M. T V Johnson, T. J. Ebner

Research output: Contribution to journalReview articlepeer-review

47 Scopus citations


The cerebellum and motor cortices are hypothesized to make fundamentally different but synergistic contributions to the control of movement. Richly interconnected, these structures must communicate and translate salient parameters of movement. This review examines the similarities and differences in the encoding of multiple limb movement parameters in the cerebellum and motor cortices. Also presented are recent data on direction and speed coding by cerebellar Purkinje cells and primary motor and dorsal premotor cortical neurons during a visually-instructed, manual tracking task. Both similarities and differences have been found in the way that these two motor areas process movement parameters. For example, the two motor control structures encode direction with almost identical depths of modulation, which may simplify the exchange of directional signals.
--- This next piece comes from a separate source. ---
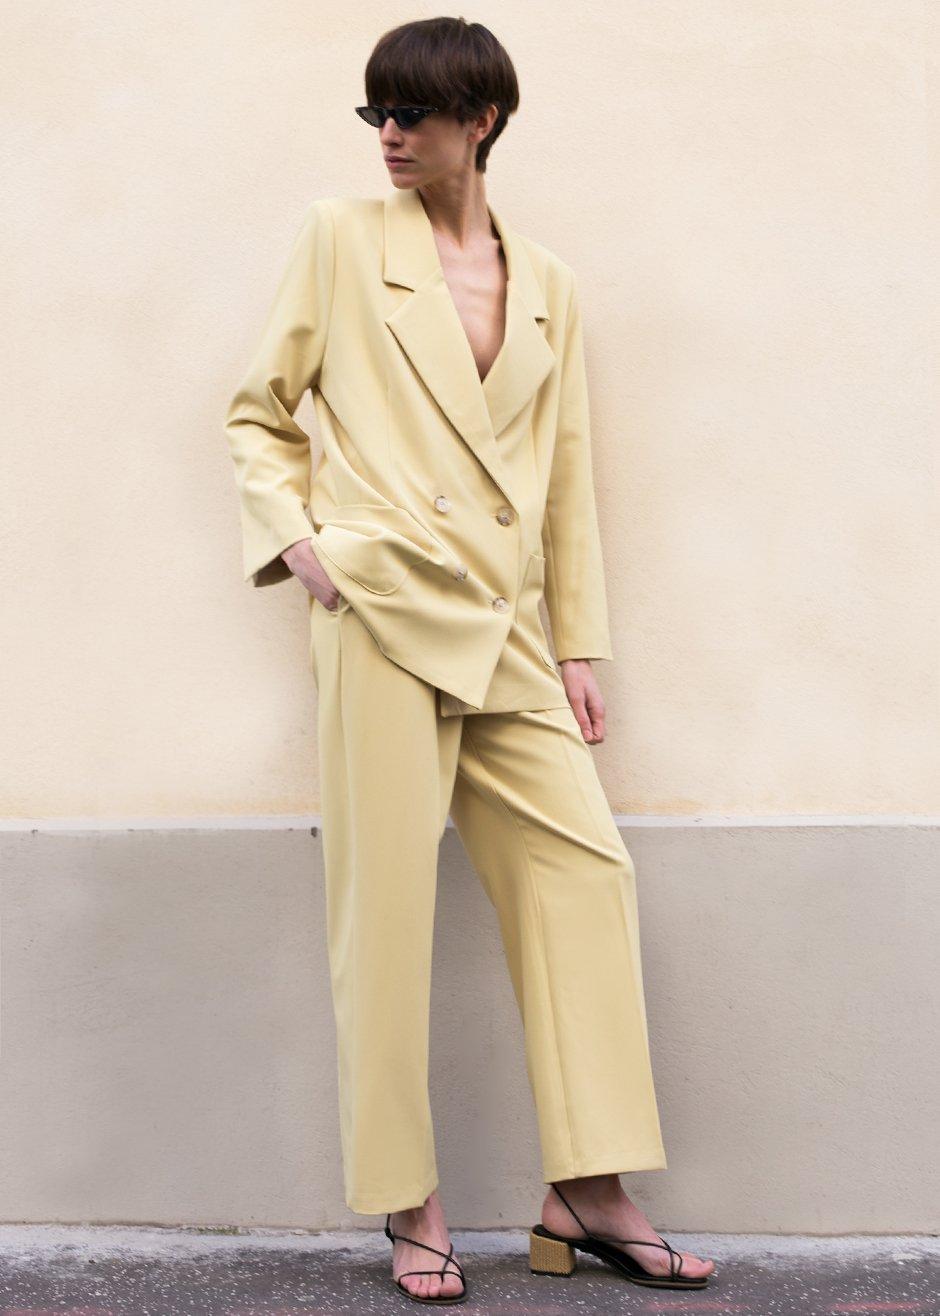 THE FRANKIE SHOP  //  Blazer  |  Pants
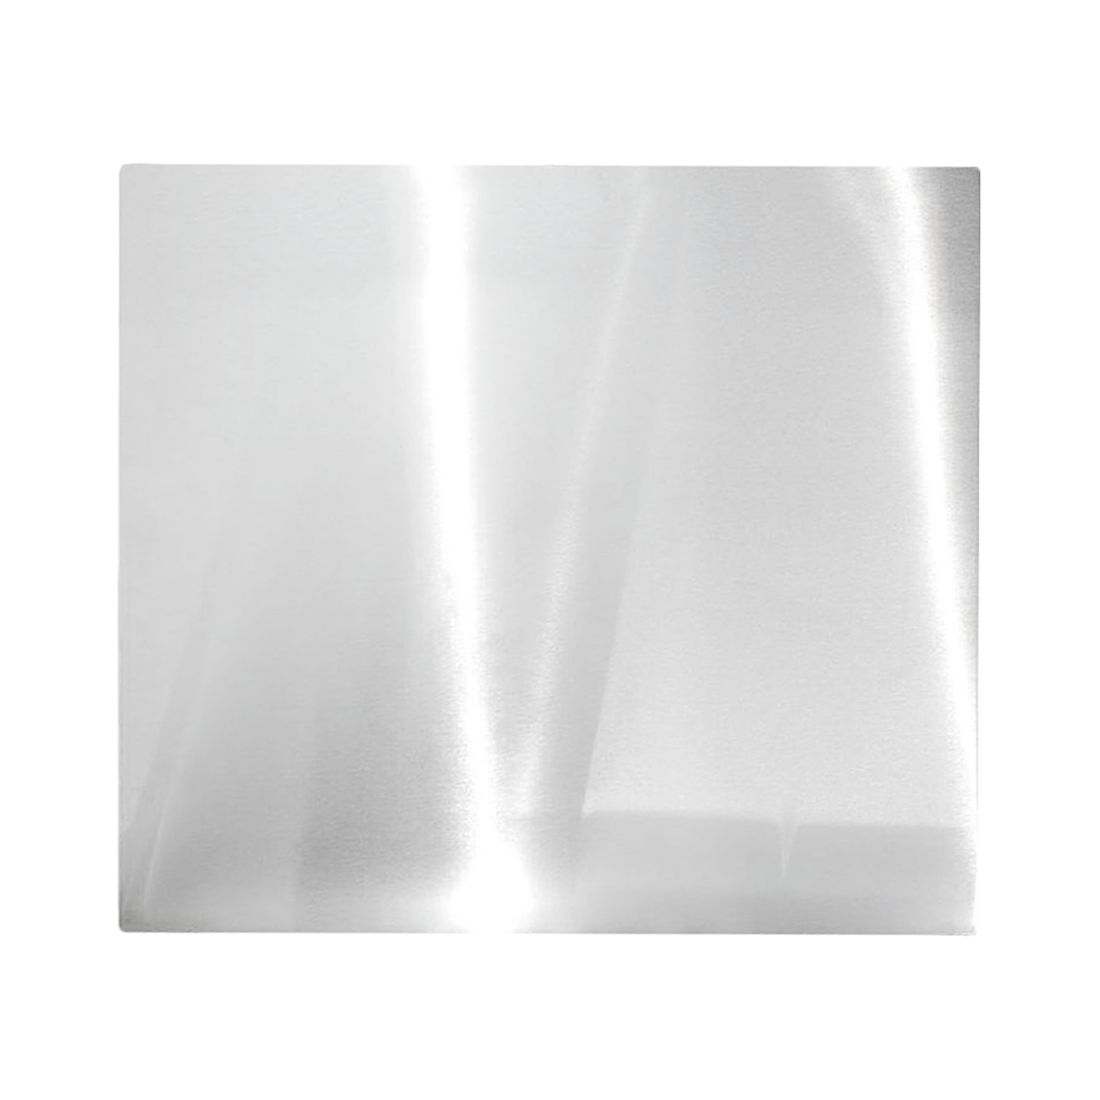 Wandblende/Spritzschutz – Edelstahl, WENKO online bestellen

Two major differences between the cerebellum and motor cortices consist of the distribution of the preferred directions and the manner in which direction and speed are jointly signaled within the discharge of individual neurons. First, an anterior-posterior distribution of preferred directions has been shown for both reaching and manual tracking, consistent with an intrinsic reference frame and/or the structure of afferent input. In contrast, neurons in the motor cortices have uniformly distributed preferred directions, consistent with general purpose directional calculations. Secondly, Purkinje cells in the cerebellum and motor cortices combine movement direction and speed information differently. For example, Purkinje cell discharge encodes combinations of direction and speed, a 'preferred velocity', while the motor cortical neurons use a temporal parcellation scheme to encode multiple parameters of movement. These results demonstrate that the cerebellum and motor cortices process and use kinematic information in fundamentally different ways that may underlie the functional uniqueness of the two motor control structures. Copyright (C) 2000 Elsevier Science B.V.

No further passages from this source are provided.